Бурый Лис, один, стоял перед полукругом своих соплеменников. Видимо, люди только что собрались. Никаких слов ещё не было произнесено. Пёстрый Фазан тут же вспомнил, как давеча собирался поговорить со старейшиной, обсудить то, о чём не желал слышать шаман. О том, что шаман скрывал. Бурый Лис последнее время не ладил с шаманом. Об этом шушукались. И Пёстрому Фазану подумалось, что сейчас, наверное, старейшина открыто захочет об этом сказать, но Бурый Лис всё так же стоял перед молчащей толпой и говорить не торопился. Его бледное лицо, исчерченное сеткой дряблых морщин, не выдавало никаких чувств. Но безликая тревога повисла над стойбищем. Пятнистый Фазан попытался отыскать в толпе людей широкие скулы шамана и не заметил, как Бурый Лис открыл рот.
Старейшина сначала откашлялся в кулак. Разгладил редкую бороду. Расправил седые волосы на голове, посмотрел на далёкое солнце прищуренными глазами. И когда вновь повернул глаза к людям, прищур сохранился. Старики всегда прищуривают глаза, солнечный свет этой жизни становится для них слишком резок, но Пёстрый Фазан за Бурым Лисом раньше такого прищура не замечал. И только сейчас впервые подумал: «А он ведь старик».

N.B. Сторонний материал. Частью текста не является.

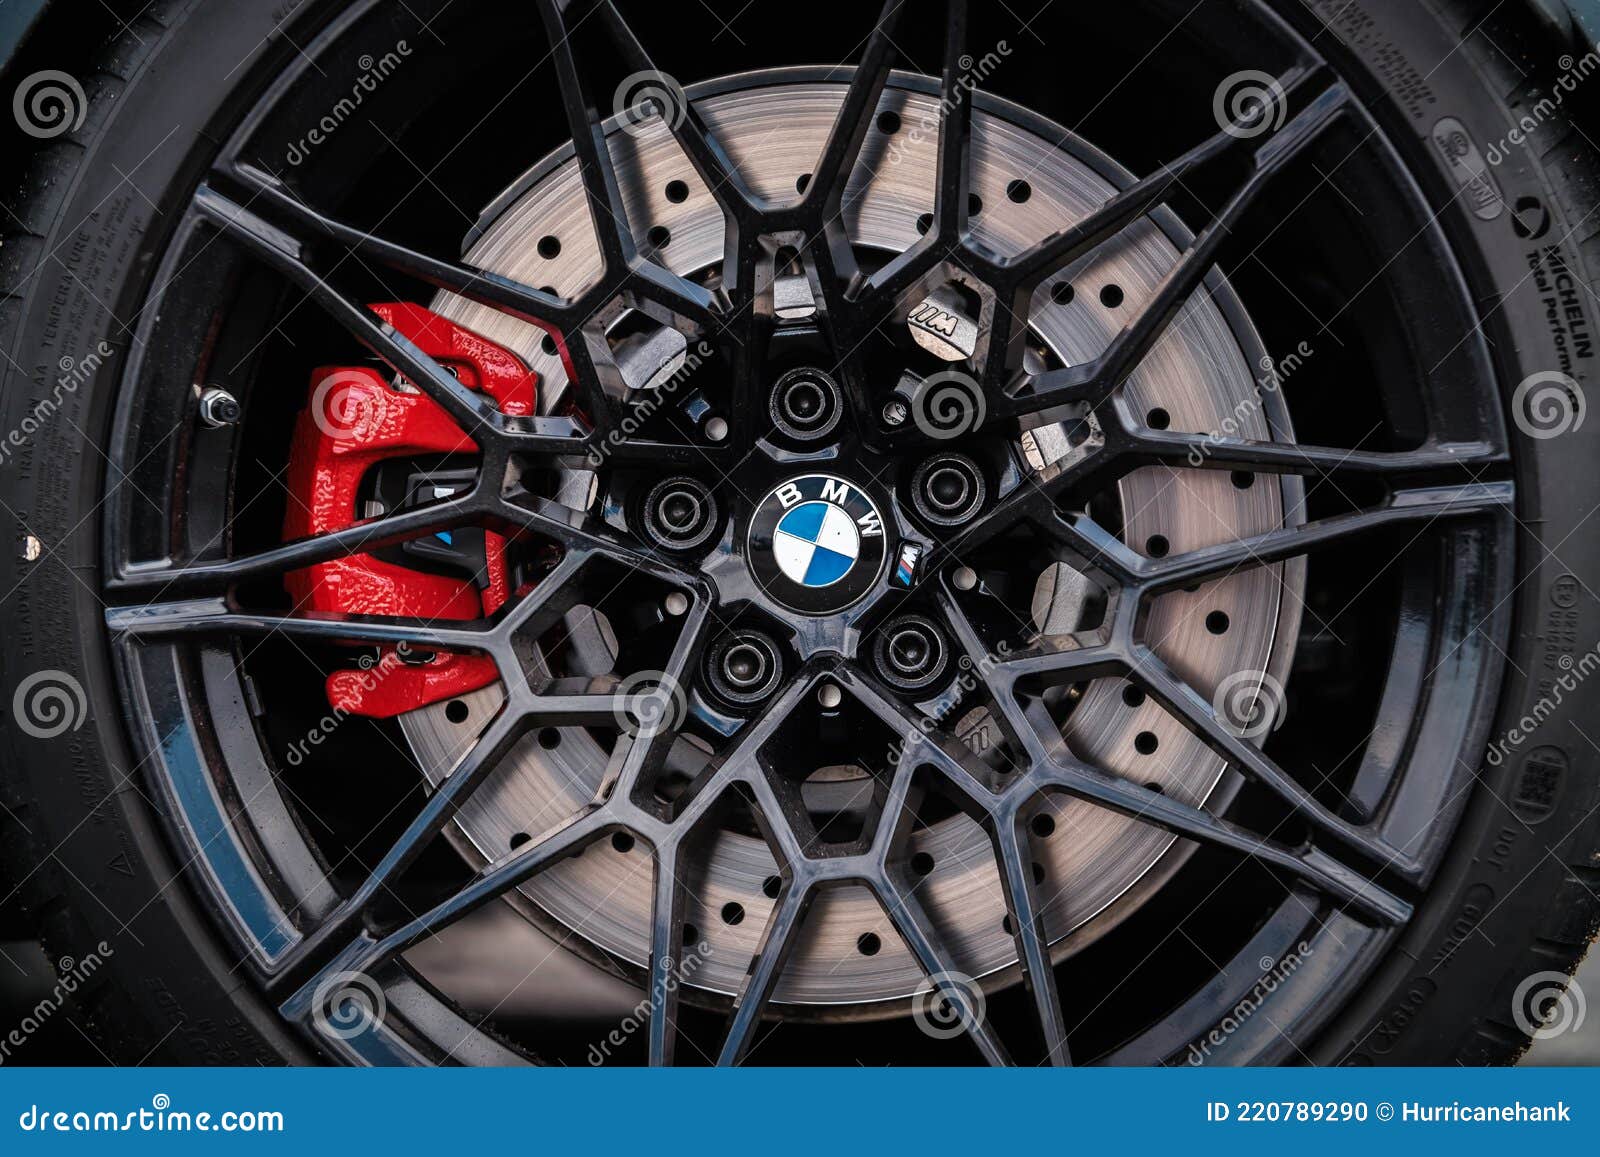 BMW Performance Parts, BMW Tuning

Казалось, мир остановился. Казалось, Бурый Лис так и будет молчать перед встревоженными людьми, которые вот-вот поймут всё без слов. И когда люди, действительно, начали понимать, Бурый Лис, наконец, подтвердил их понимание негромкой речью:
– Этой ночью меня навестила Смерть. Бурый Лис попросил у неё одно солнце для прощания с вами.
Он глубоко вздохнул и обвёл долгим медленным взглядом онемевших людей, по очереди вглядываясь в глаза каждого.

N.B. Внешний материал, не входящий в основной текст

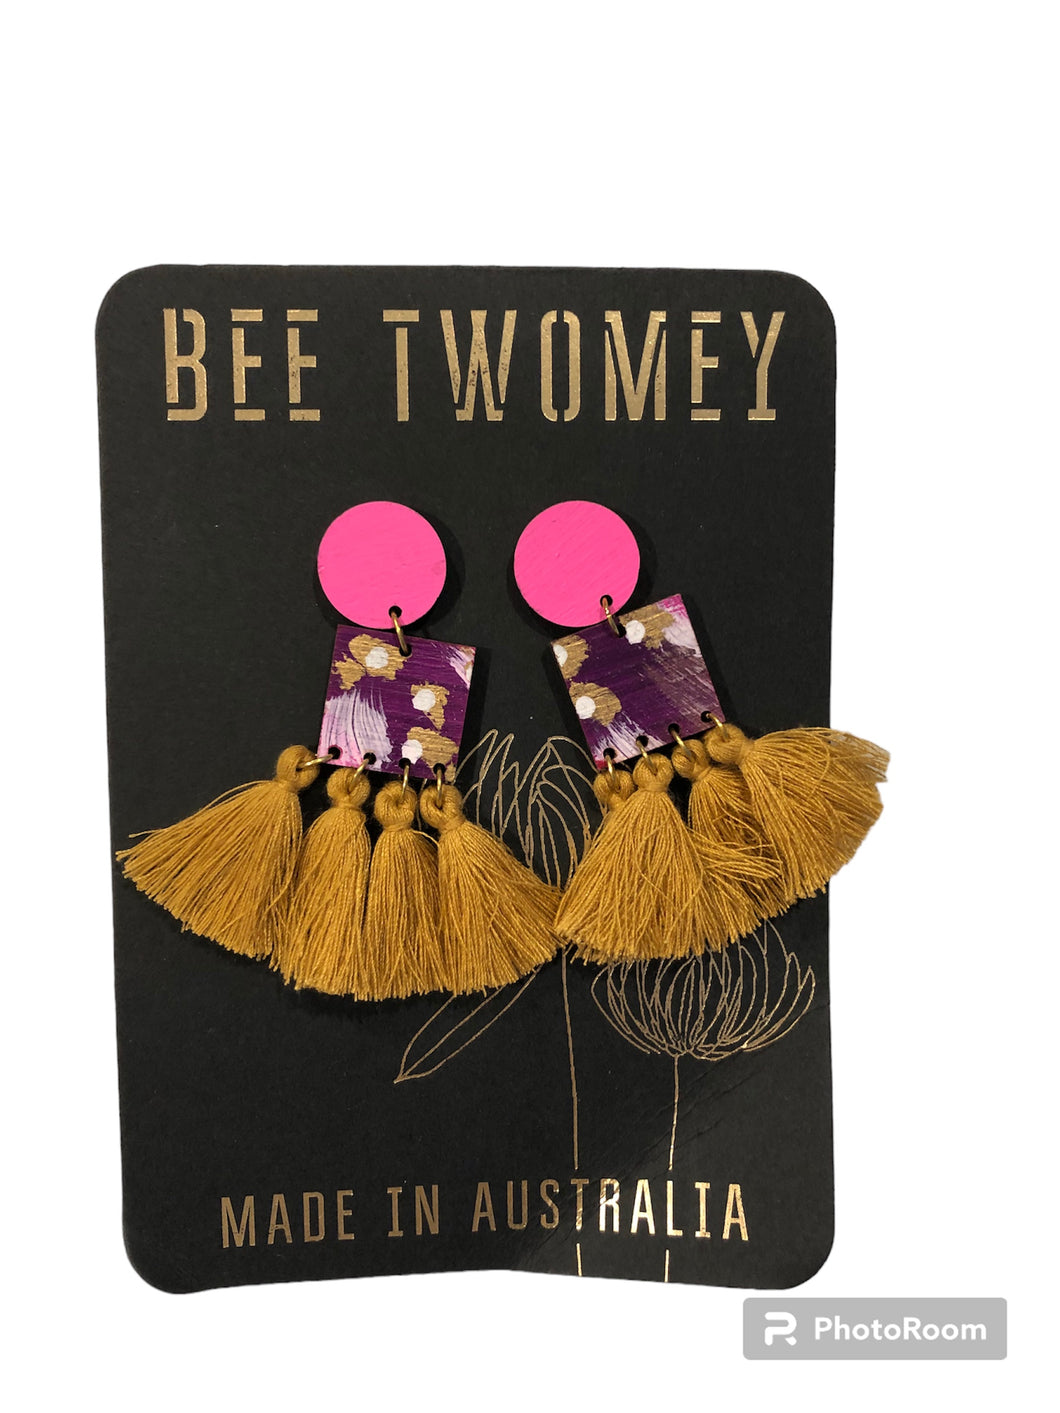 Bee Twomey Drop Earrings - Surgical Steel Posts

– Бурый Лис прожил долгую жизнь у вас на виду. Она была радостной, эта жизнь. Много мужчин и женщин сменилось при нём. Теперь его черёд. Он благодарен вам всем за то, что мы жили вместе на этой земле. Бурый Лис уходит с любящим сердцем. Прощайте. Бурый Лис сказал всё.
Он стоит. На его глазах нет слезинок, только тень лёгкой улыбки. Охотники подходят по одному и, приложив правую руку к своему сердцу, дотрагиваются до груди Бурого Лиса. Его посинелые губы не дрогнут. Какая-то женщина всхлипнула – и замолчала. Нет повода плакать. Бурый Лис уходит как подобает.
Вот подошёл Медвежий Коготь. Не просто охотник. Сильный охотник. Он не стал притрагиваться рукой, он притронулся кровью. Резанул вену на левой руке – и кровавые струйки полились на грудь уходящего. А потом приложил руку с брызжущей кровью к его губам. Это придаст старейшине сил для великого перехода. Люди всегда делятся силой, у кого она есть.
Пёстрый Фазан положил добычу на землю, в пыль. Как обычный охотник, приложил руку к сердцу и дотронулся до груди старика. Пёстрый Фазан не печалится. Теперь ясно, что люди покинут стойбище, в котором умрёт старейшина. Уйдут из этих мест навсегда. Пёстрому Фазану не жалко. Он просто не может понять, как он сумел проглядеть старость Бурого Лиса. Может быть, сам он становится старым?.. Может быть, так… И всё же он просит:
– Может быть, Бурый Лис оставит напутствие своим людям?
Замерли все. Напряжённо глядят. Ждут напутствия. Так полагается. Принято так. Бурый Лис обводит медленным взглядом людей и опять говорит:
– Пускай мои люди не доверяются переменам. Всё всегда возобновляется. Всё повторяется. Потому ничего не исчезнет. Нет повода горевать. Души приходят сюда не только для радостей, но и для тягот. Нет одного без другого. Всё равнозначно.
Закончил Бурый Лис свою речь. Устал. Опустились глаза. Поклонился. Напутствие сказано. Всё. Пёстрый Фазан может теперь уходить, как и все, но никто не расходится. Все повторяют внутри слова Бурого Лиса. И Пёстрый Фазан повторяет. «Нет повода горевать».